The Problem
My application works as follows:
- Multiple (< 20) device clients (Android) are running at a single location.
- Thousands of locations exist (therefore tens or hundreds of thousands of device clients exist).
- A web portal client also exists that works in sync with each location's data and its device clients.
- New data generated on a device is posted to the server (cloud) via a REST API (ASP.net WebAPI).
So far this application is a pretty standard application with a mobile device client and web portal client.
However, due to requirements on each device client that is out of my control (device clients need to function in offline mode, reduce network latency, etc), each device client does not use the server database as its immediate source of record. Each device client has its own local database (SQLite) that stays in sync with all data for its location. For example: when I make a data change on device client A, that change needs to be propagated to device client B and to web portal client C.

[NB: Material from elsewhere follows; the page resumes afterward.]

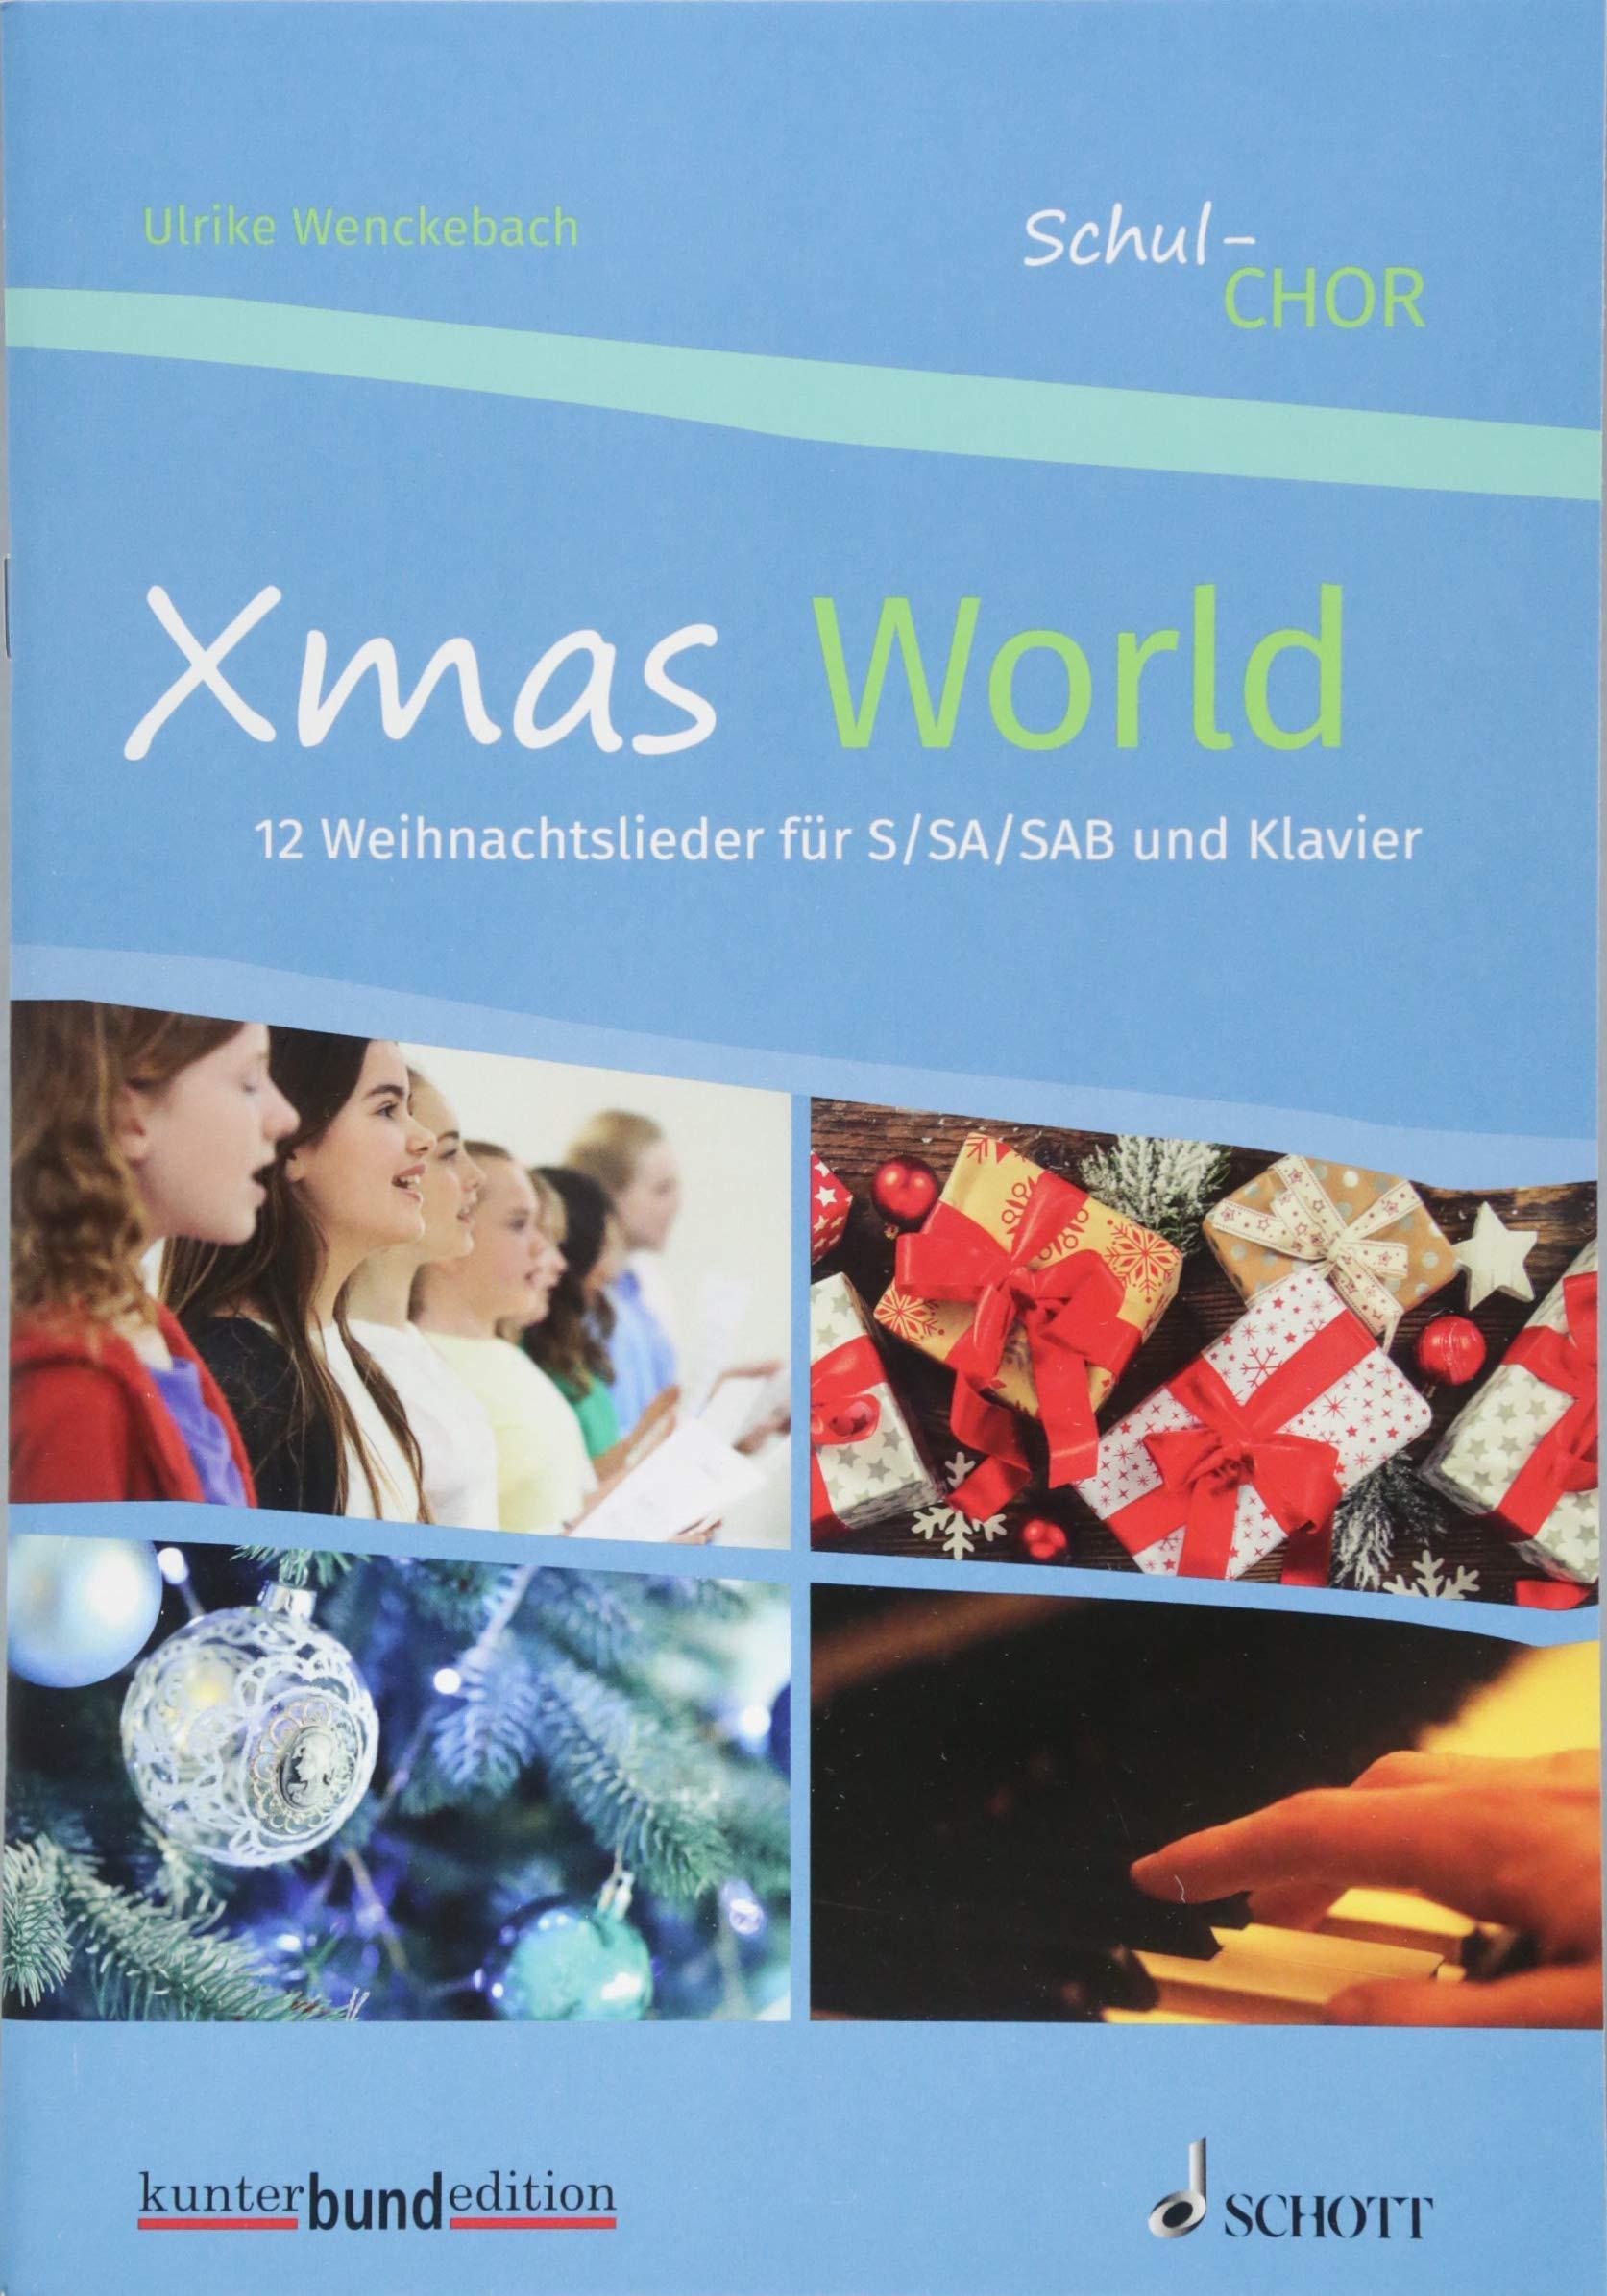 Xmas World: 12 Weihnachtslieder für S/SA/SAB und Klavier. Chor 3 ...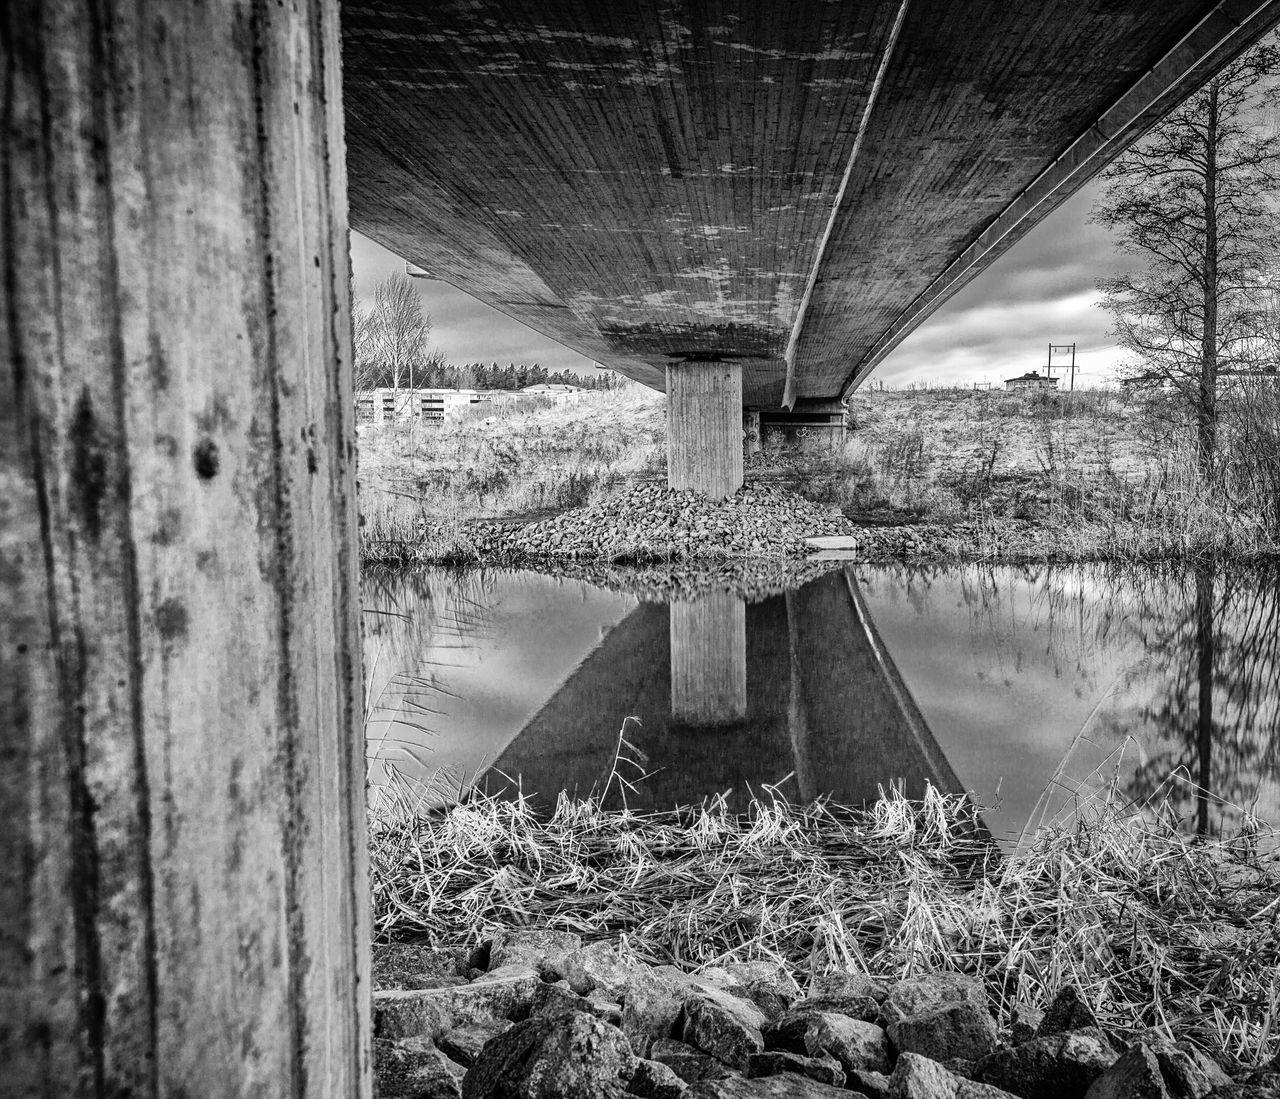 Bridge - Man Made Structure Below No People Architecture Underneath Under The Bridge Blackandwhite EyeEmNewHere

- The web portal client reads directly from the server database since it does not need offline functionality.
As you can see, the problem here is that we now need a way to keep all device client databases in sync with each other in real time. Brief delays in data being in sync between two device clients is expected and considered okay.
Proposed Solution
My proposed solution is as follows:
- When a new client device comes online initially, it receives a data dump for what it has missed since the last time it was online from the server via REST API.
- Each new data item posted/updated/deleted from client devices via REST API is propagated through to the server database. The server database houses all data for all locations and should be considered as the permanent source of record.
- The web portal works directly with the server database since it has no offline type requirements.
- A connection from each client device is established to a data sync stream service via SignalR.
- A worker service is "tailing" the server database for new Create/Update/Delete operations. When a CUD operation is detected, a message is dispatched to an Azure Service Bus queue/subscription (via fan-out topic) for each data sync service instance. This allows for horizontal scaling of the SignalR data sync service (with an Azure Service Bus backplane) since thousands of device client connections will exist.
- The data sync service reads from its message queue/subscription and pushes a sync message (containing all needed data for the sync) to all connected client devices (for the location related to the data) via SignalR.
The following diagram illustrates this solution:
- Large blocks depict servers (gray squares are HTTP web servers that can be horizontally scaled)
- Arrows depict the direction of data flowing through the application.
Questions
- Is SignalR the right technology for this problem/solution? Originally my solution involved each client device establishing it's own Azure Service Bus queue/subscription that collected messages from the database-tailing worker (sync river). The problem with that solution is that I would be pushing lots of wasted messages to offline device clients that may not come back online for a very long time, if ever. By dumping back the delta data when a device client comes online initially and streaming data via SignalR thereafter I can solve this.
- I have not used SignalR extensively in a production environment before, so I am a bit new with it. What problems/challenges can I expect to experience with it for this solution?
- The following article states that "There are some scenarios where a backplane can become a bottleneck. Here are some typical SignalR scenarios: High-frequency realtime (e.g., real-time games): A backplane is not recommended for this scenario.". Would this solution fall into this category? What problems could the backplane of Azure Service Bus messaging introduce? How else would I scale this solution if not in this way?
Your general opinions and recommendations for this solutions are also welcome and appreciated.
You have a requirement on real-time communication to devices when they are online. One of the most promising ways to do this is by using web sockets.
- Using web socket itself is not practical and so there are popular
libraries for it such as SignalR, socket.io. These libraries absorb
many difficulties faced in production and also in development. These
libraries even support scaling.
- Since your stack is .net based SignalR is choice here.
- SignalR will work well in most of the cases. Here you don't have to
worry on backplane becoming a bottleneck as given in a real -time
games.
But maintaining a self-hosted real-time solution such as SignalR comes with a cost. The success rate of communication will be not high reliable in stock SignalR and you will have to implement various monitoring mechanisms and failover processes. Geo-distribution also not supported. So the next choice for a high reliable real-time system which addresses all mention issues is a hosted service such as pub-nub.